In 1989, the NeXT computer was finally released after much speculation. However, after selling just 50,000 computers in 4 years, NeXT began to focus on its software in 1993.

Although extremely advanced for its time, NeXT's software, including the NeXTSTEP operating system, the OpenStep API, and WebObjects, were not the successes that were hoped for.

Acquisition by Apple

NeXT's fate changed when the company was purchased by Apple in 1996 for $402 million. Steve Jobs returned to Apple as a consultant, and later became interim CEO. Finally, at the MacWorld Expo in January 2000, Steve Jobs become Apple's permanent CEO.

Influence on Apple today

Much of NeXT's work can be seen in Apple's software today. Mac OS X is heavily based on NeXTSTEP, and the API, now named Cocoa, is used by a large number of Mac OS X developers. NeXT's WebObjects technology is also still in use, powering, among other things, the popular iTunes Music Store. Also, several details from NeXTSTEP can be seen in the Mac OS today, such as the font selector and alert noises.

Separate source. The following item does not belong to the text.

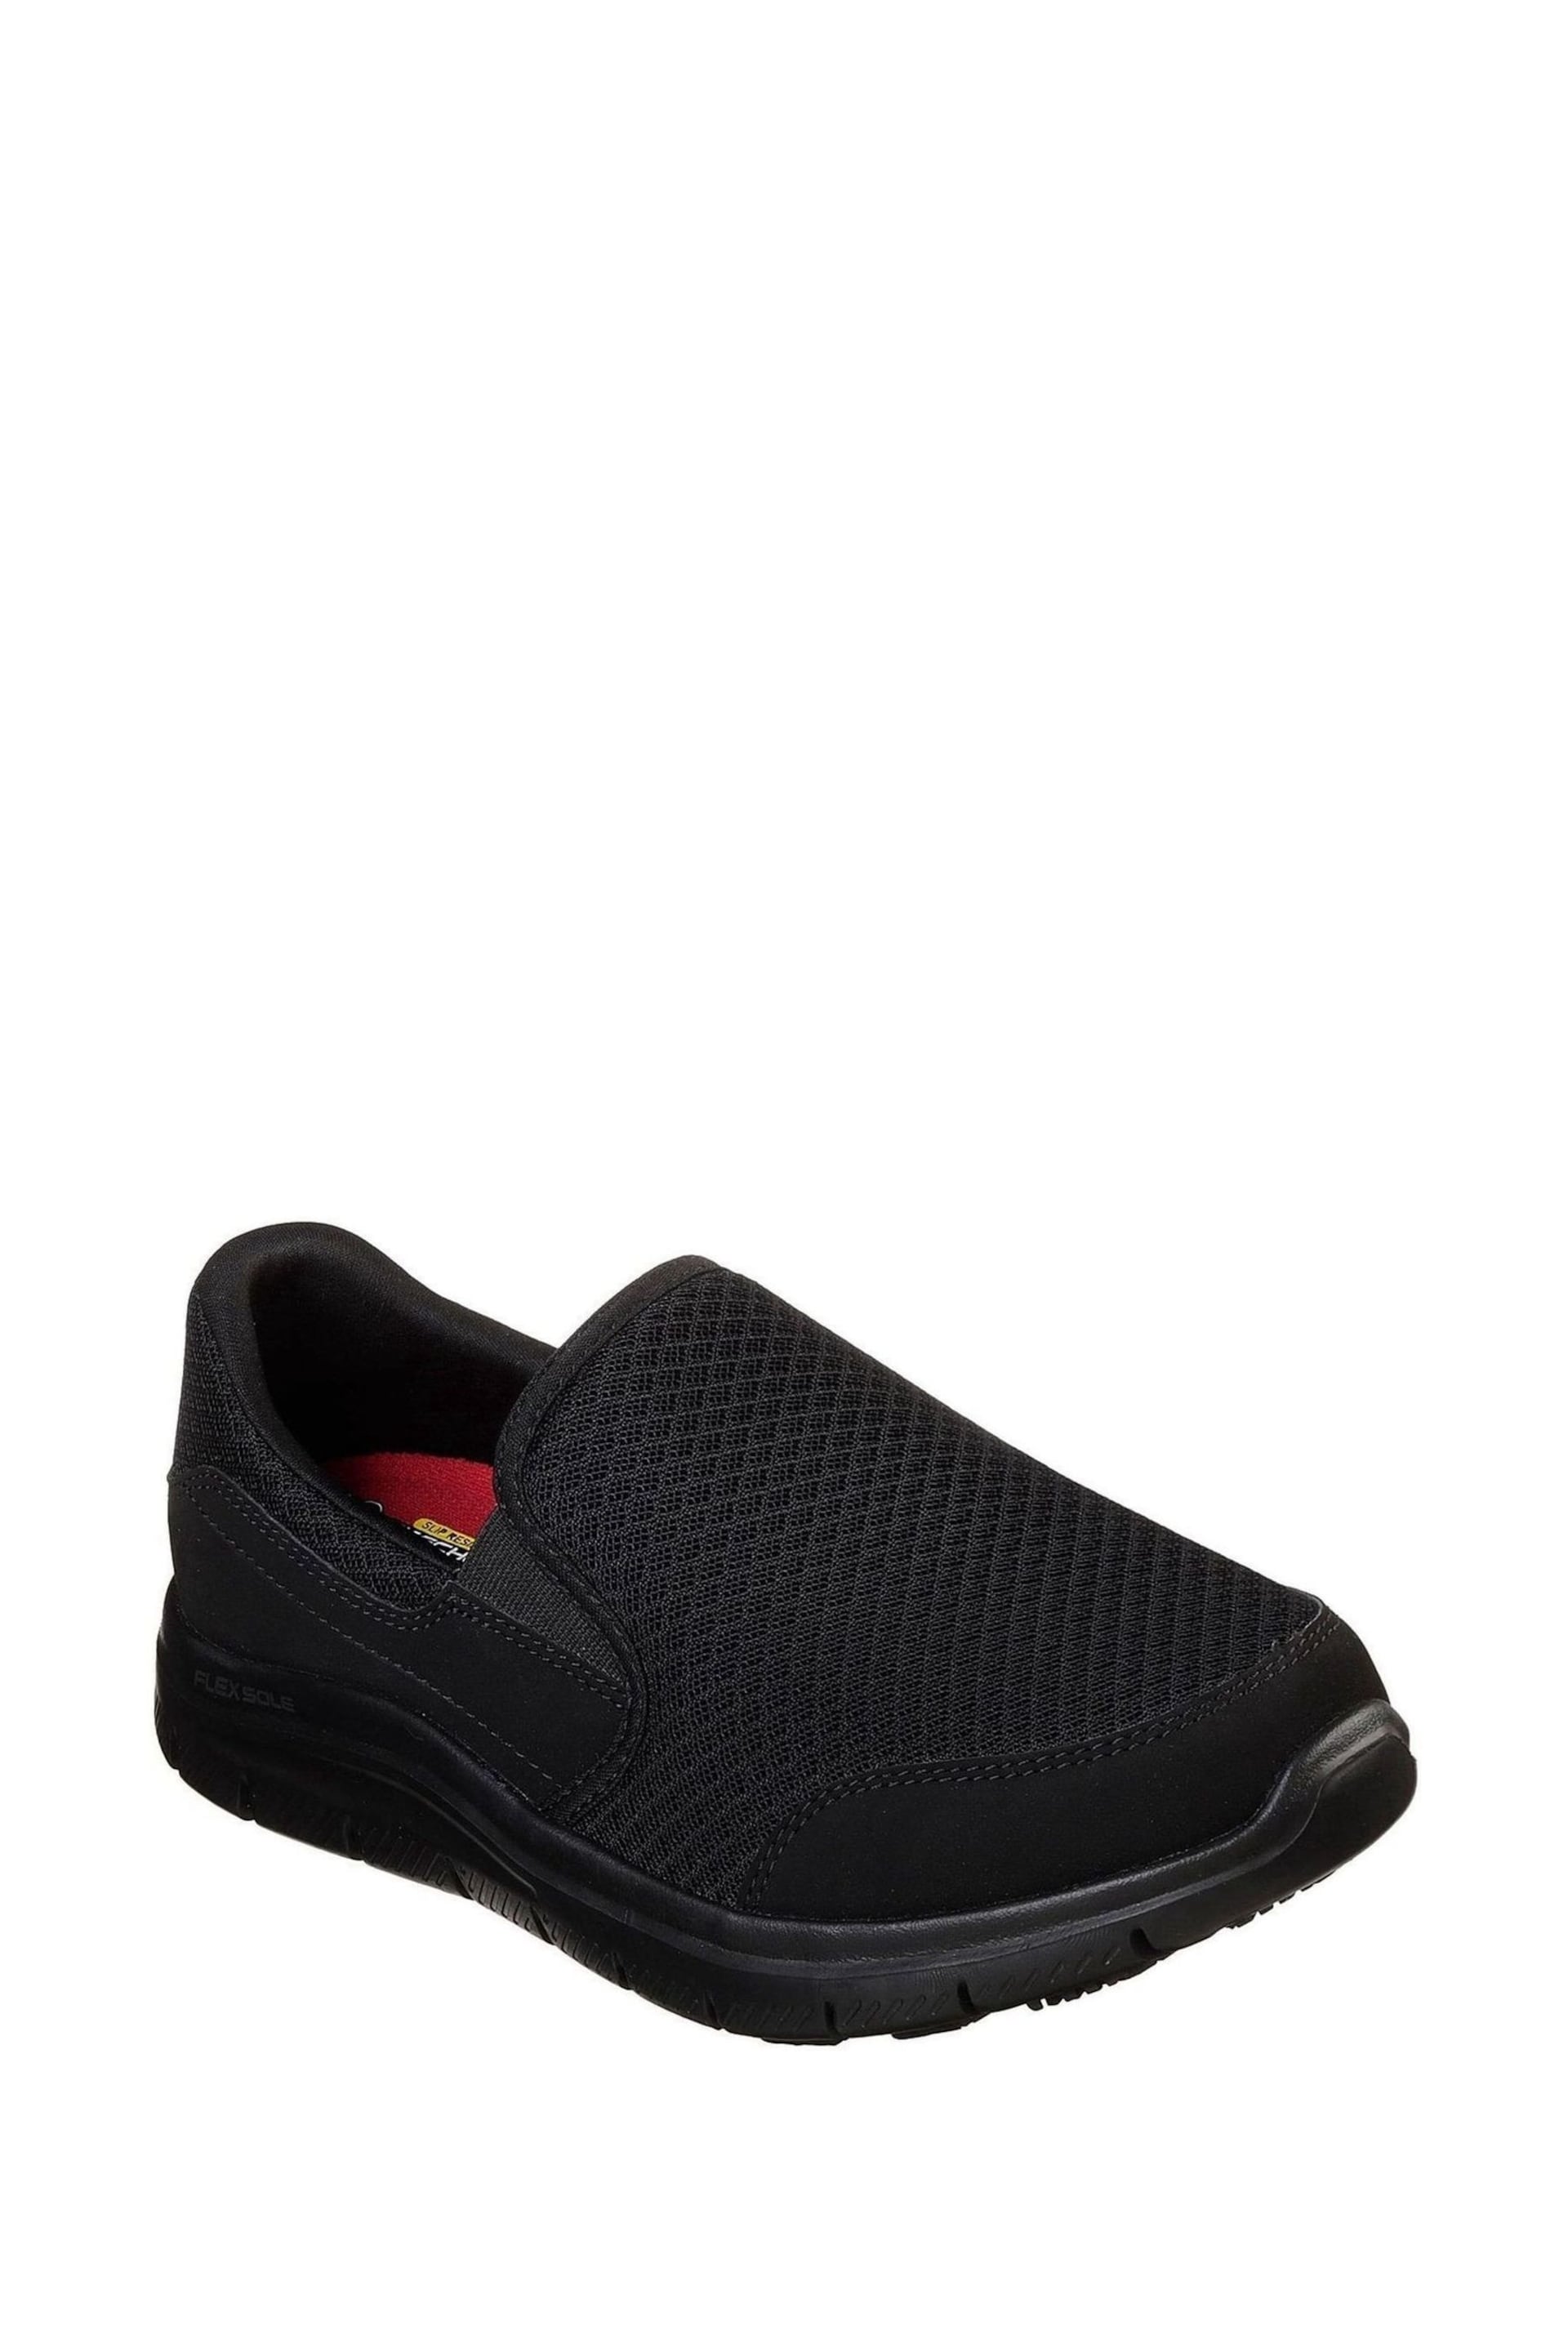 Skechers Black Cozard Slip-On Slip Resistant Work Womens Shoes - Image 2 of 3

Just after the release of the first NeXT computer, Steve Jobs was quoted as saying "this will either be the last machine to make it, or the first to fail", commenting on the stratification of the market. In hindsight, his statement is quite correct, with the computers selling much worse than expected.

NeXTSTEP included as one of it's alert noises, "Ni" from the movie, "Monty Python and the Holy Grail."